- America's housing market likely won't get more affordable anytime soon, Morgan Stanley said.
- Mortgage rates are poised to stay high even after the Fed eases monetary policy.
- The bank thinks housing costs will slow their pace of growth, but won't see a decline.
Homebuyers and renters shouldn't count on getting much relief from high housing costs, according to Morgan Stanley.
Costs have been steadily rising for both buyers and renters in the past year. The median US home price rose 5% year-over-year in May to a record $438,601, according to Redfin data. Meanwhile, median asking rents in the US ticked 0.8% higher to $1,653 a month, just $47 shy of the all-time high notched in 2022.
The surge in home prices has been driven by the "lock-in" effect throughout the market, as prospective sellers hold off listing their homes to avoid having to finance a new mortgage at a higher rate than what they locked in previously.
Sidelined homebuyers, meanwhile, have been renting, which has driven demand for rental units and raised costs.
The result is the most unaffordable housing environment buyers and renters have seen in years. Renters now have to make 36% more than they did prior to the pandemic to afford the typical apartment, Zillow estimated, while buyers need to earn a whopping 80% more to comfortably afford a home.
"For the US, a key part of the housing story has been the mortgage lock-in for homeowners," Seth Carpenter, Morgan Stanley's global chief economist said in a recent podcast. "Our strategists have noted that the gap between the current new mortgage rate and the average effective mortgage rate is at historical highs.

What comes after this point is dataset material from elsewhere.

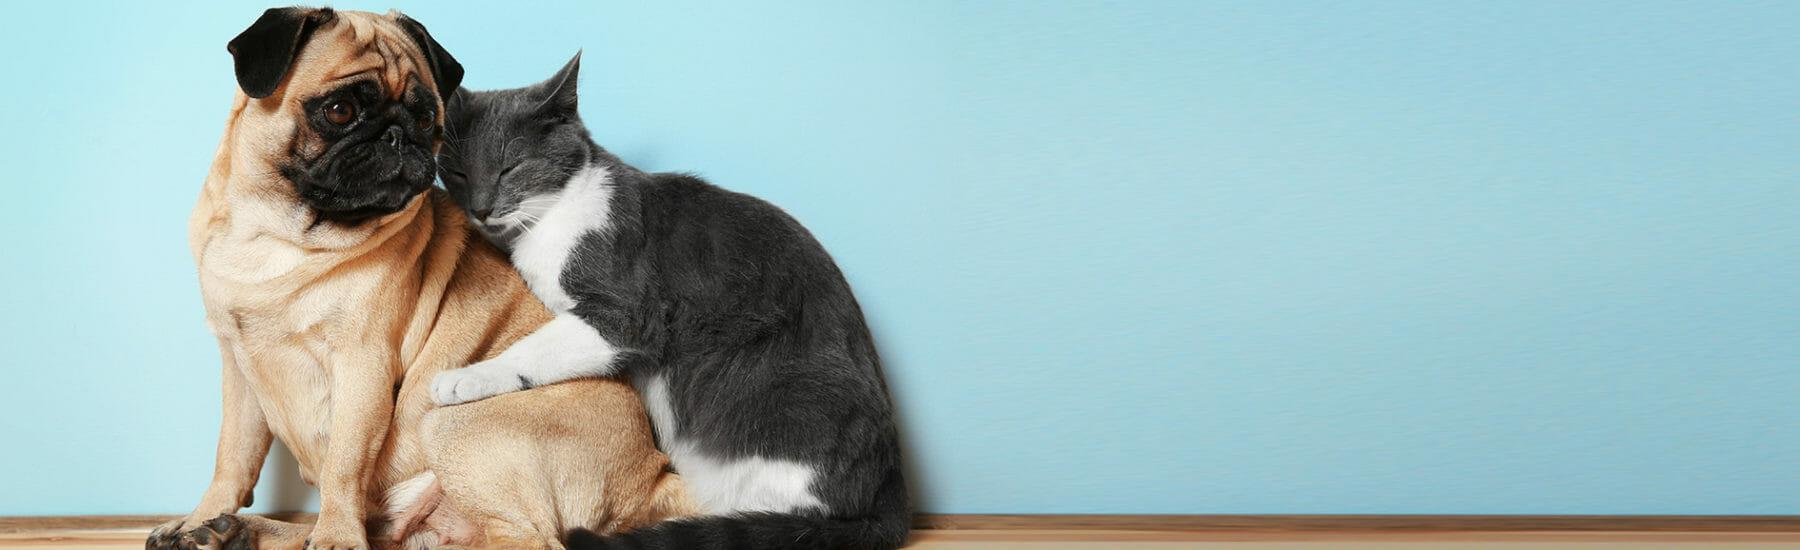 Dog and cat snuggle
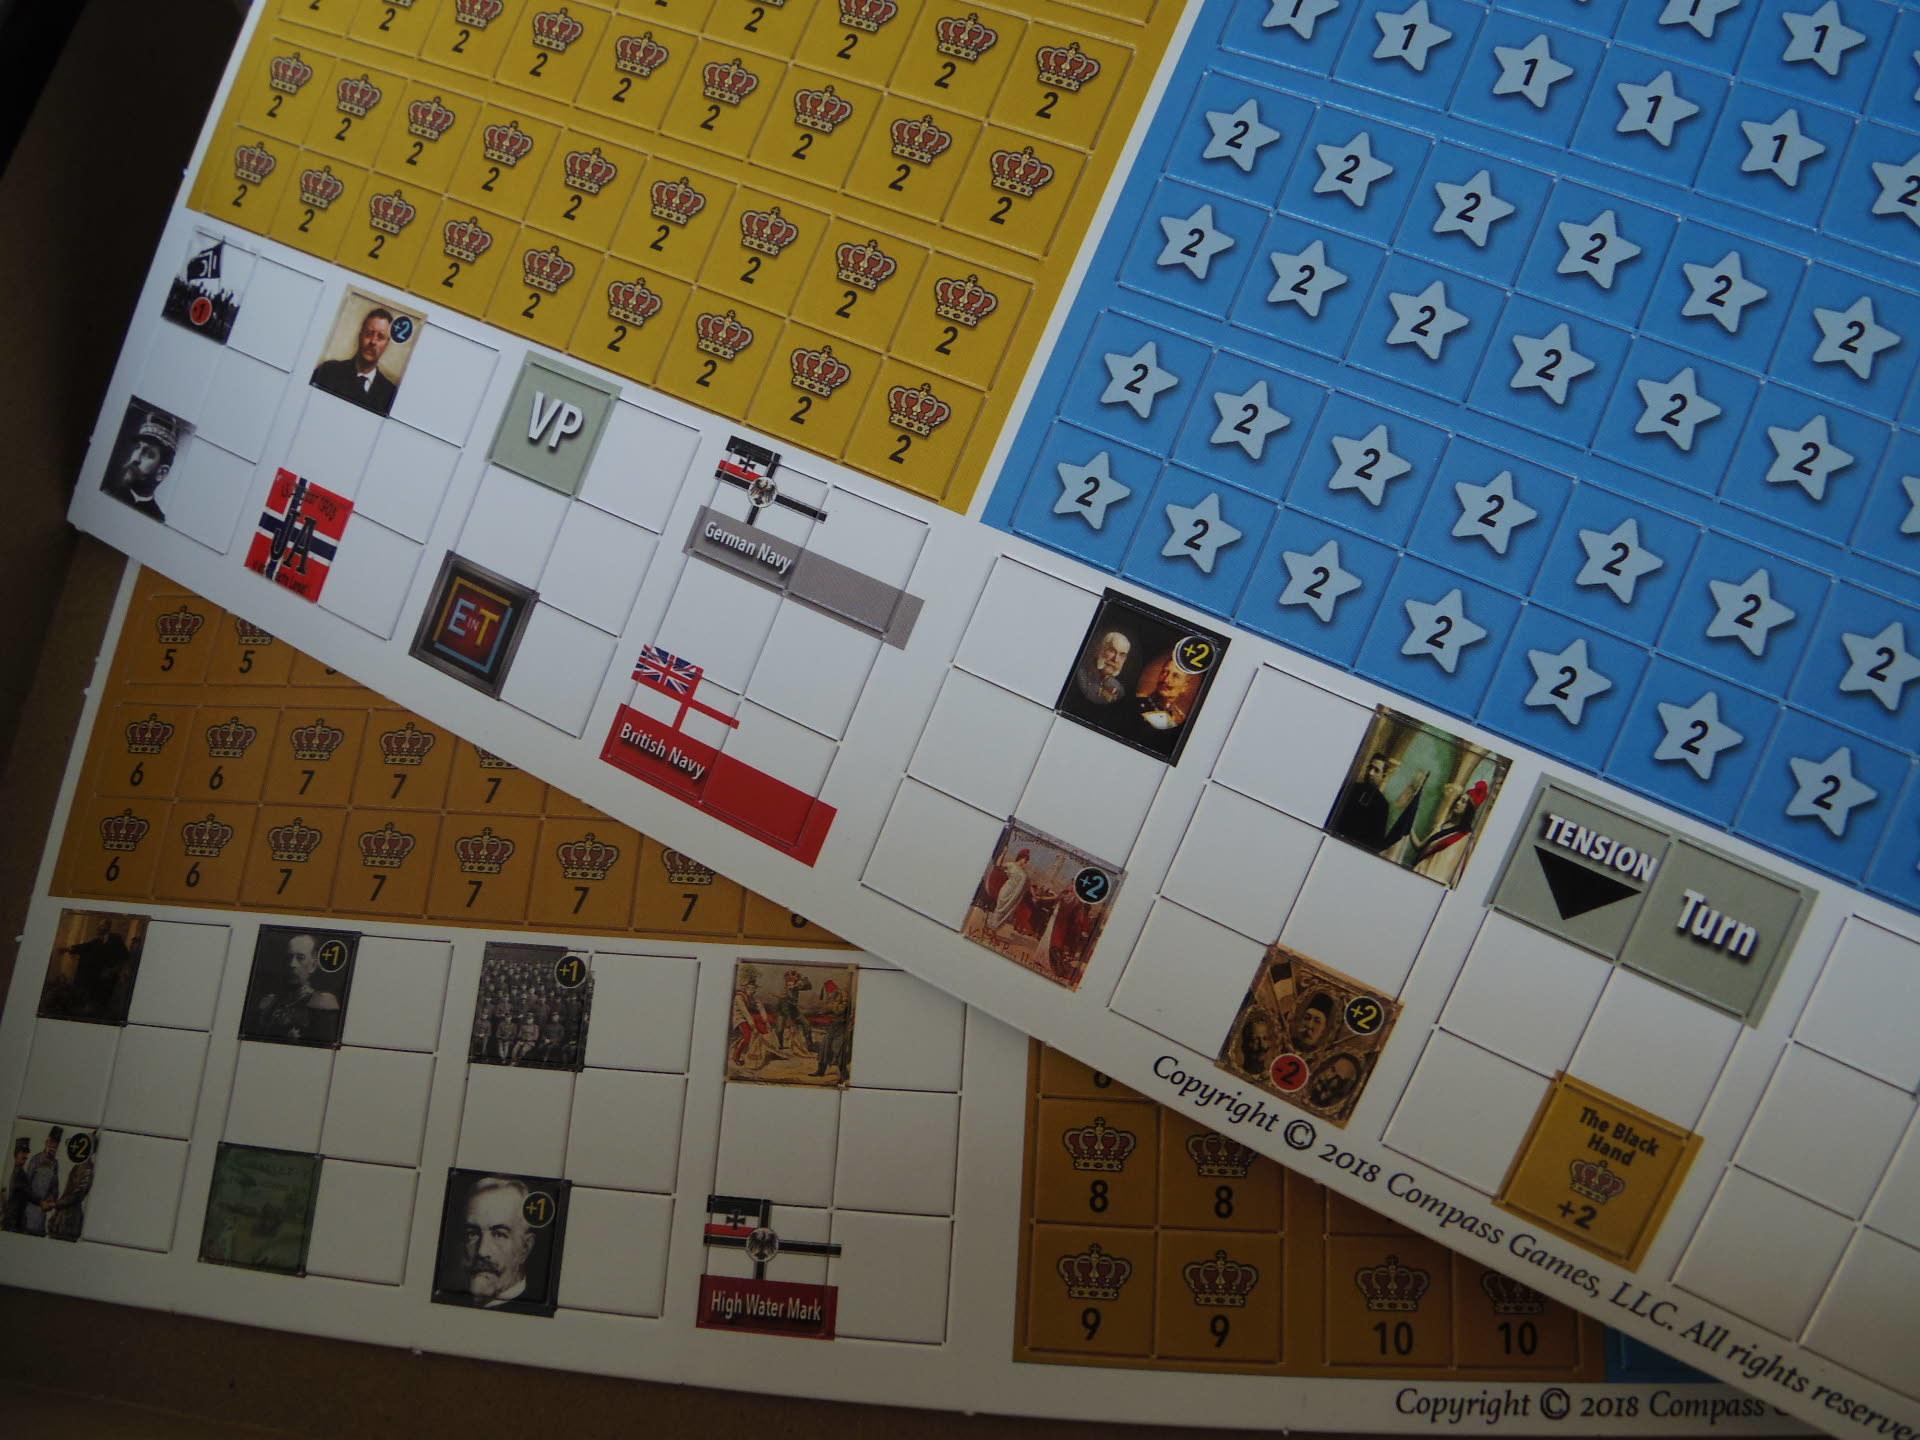 (Compass)Europe In Turmoil: Prelude To The Great War...かつてのウォーゲーム・ブーム期を上回る勢いで続々と出版される最新ゲームたち①_b0173672_22161352.jpg

And the share of 30-year fixed-rate mortgages is at its highest in a decade."
Market-watchers have been eyeing Fed rate cuts as a lever that will possibly make housing more affordable. Lower borrowing costs could influence mortgage rates to fall, but the Fed is unlikely to lower rates enough to dent home prices, and therefore, rents, Carpenter said.
"There will be a decline in mortgage rates if we get the modest easing cycle from the Fed that we expect. But that decline will be similarly modest so that gap in rates will not be fully closed even if it narrows," he added. "And ultimately, what we think is going to happen is that there'll be a moderation in home price appreciation, but not an outright decline in home prices."
That's expected to keep the "arbitrage condition" between home prices and rents alive over the longer run, Carpenter said — another way to say housing costs are likely to remain elevated.
Other market forecasters have warned that the Fed looks poised to keep interest rates higher for longer, with the central bank spoiling hopes for ambitious cuts that markets had predicted earlier in the year. According to a growing chorus of Wall Street bears, central bankers may not cut interest rates this year at all due to the risk of resurgent inflation.
"The housing market might be telling us that monetary policy is working a bit less effectively than historically, but not that monetary policy is not working," Carpenter said. "We do not think the housing market overall is at risk of collapse, but the monetary policy is restraining activity in a very familiar way."
Markets expect the Fed to keep rates steady at its July policy meeting and to initiate the first cut in September. The 30-year fixed mortgage rate clocked in at 6.86%, according to Freddie Mac data.